Solving for k_dN, i.e., \(k_{\mathrm{d}}{{{\boldsymbol{N}}}} = \left( {{{{\boldsymbol{L}}}}_{\mathrm{n}}^{\mathrm{T}}{{{\boldsymbol{L}}}}_{\mathrm{n}}} \right)^{ - 1}{{{\boldsymbol{L}}}}_{\mathrm{n}}^{\mathrm{T}}I_{\mathrm{n}}\), where N is a unit vector, and the albedo k_d can be estimated as the length of this vector. With the known coordinates of the four illuminations and acquired four 2D images, the surface normal N of each pixel can be calculated, and the gradient of each pixel can be approximated as follows:

$$G_{{\mathrm{x,y}}} = \left(\frac{{N_{\mathrm{x}}}}{{N_{\mathrm{z}}}},\frac{{N_{\mathrm{y}}}}{{N_{\mathrm{z}}}}\right)$$

(5)

Last, the surface height map, i.e., the shape, can be iteratively approximated from a manually set start point, e.g., the center position, to the outermost pixels by integration based on the gradients between adjacent pixels.
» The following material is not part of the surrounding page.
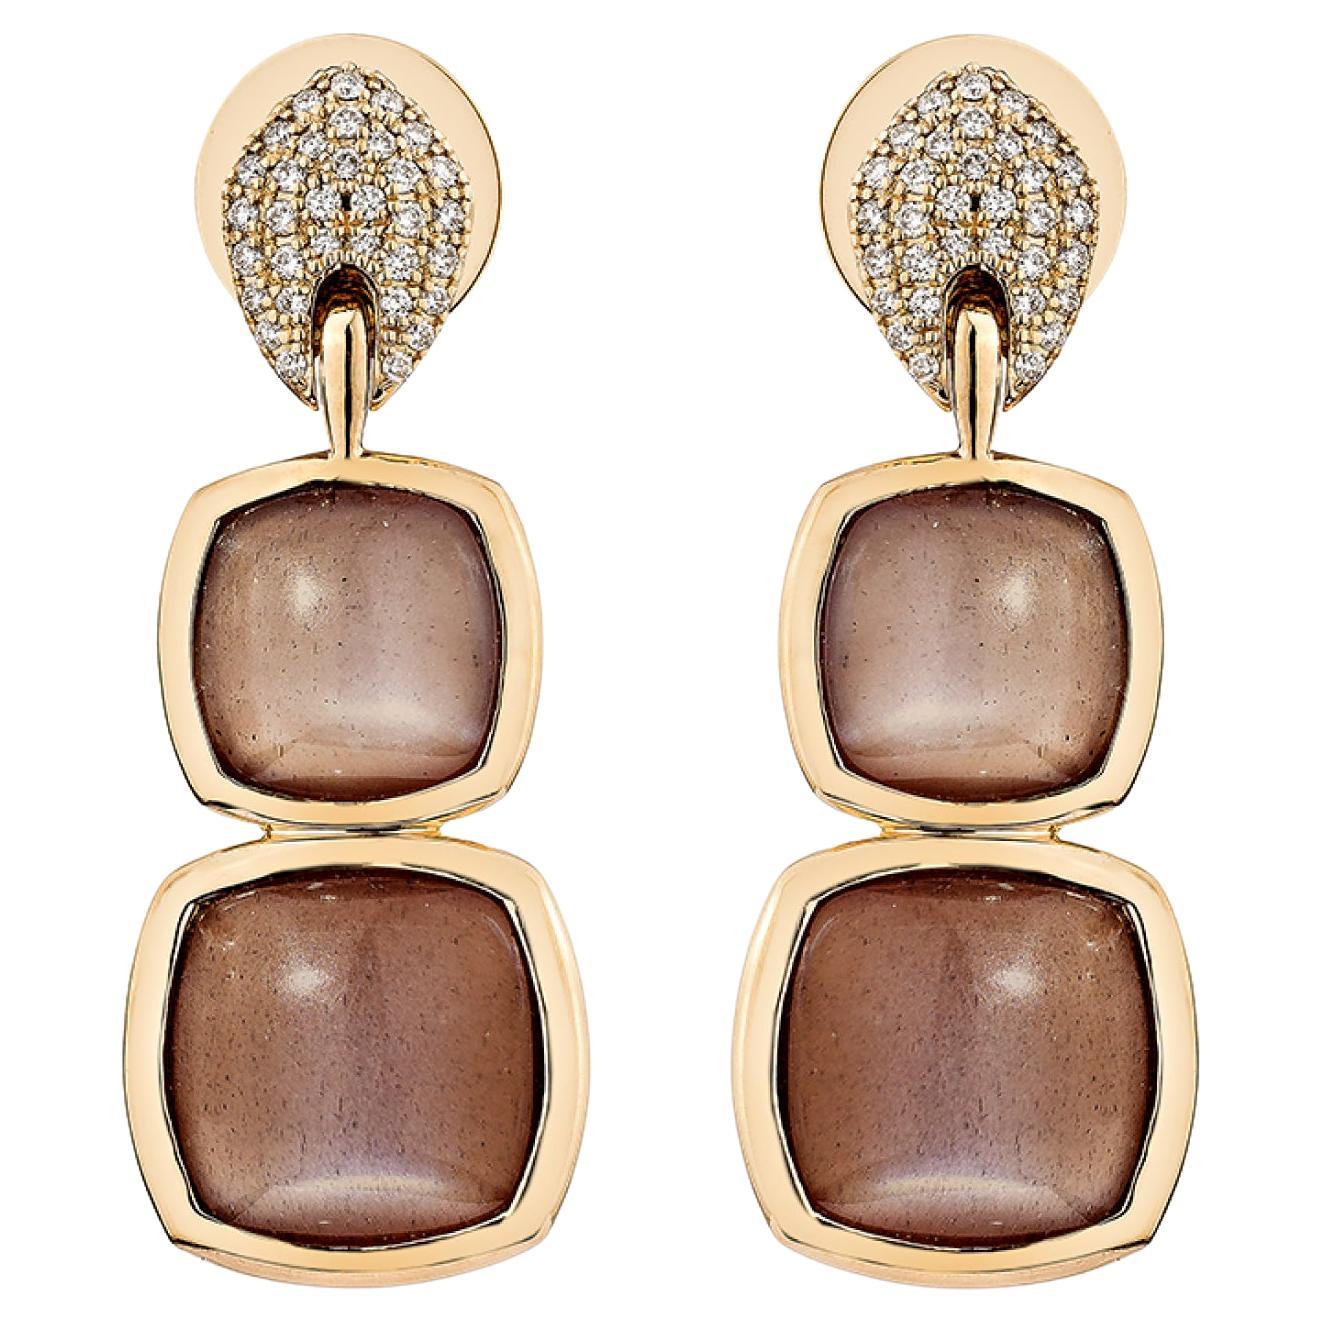 20.086 Carat Chocolate Moonstone Drop Earring in 18KRG With White Diamond.

Fixed porcine brain sample

The porcine brain was ordered from a normal butcher shop and was isolated and fixed in 4% PFA in PBS solution overnight at 4 °C. The fixed porcine brain sample was used for the experiment after rinsing with distilled water.

Ex-vivo tumor sample

The ex-vivo tumor samples were the center part of the biopsy resection during tumor removal surgery of muscle-skeletal sarcoma. The surrounding part which may contain conjunction part of health and tumor tissue was kept for histologic analysis. The experiment protocol was approved by Jena University, Ethik Votum 2018–115.s8.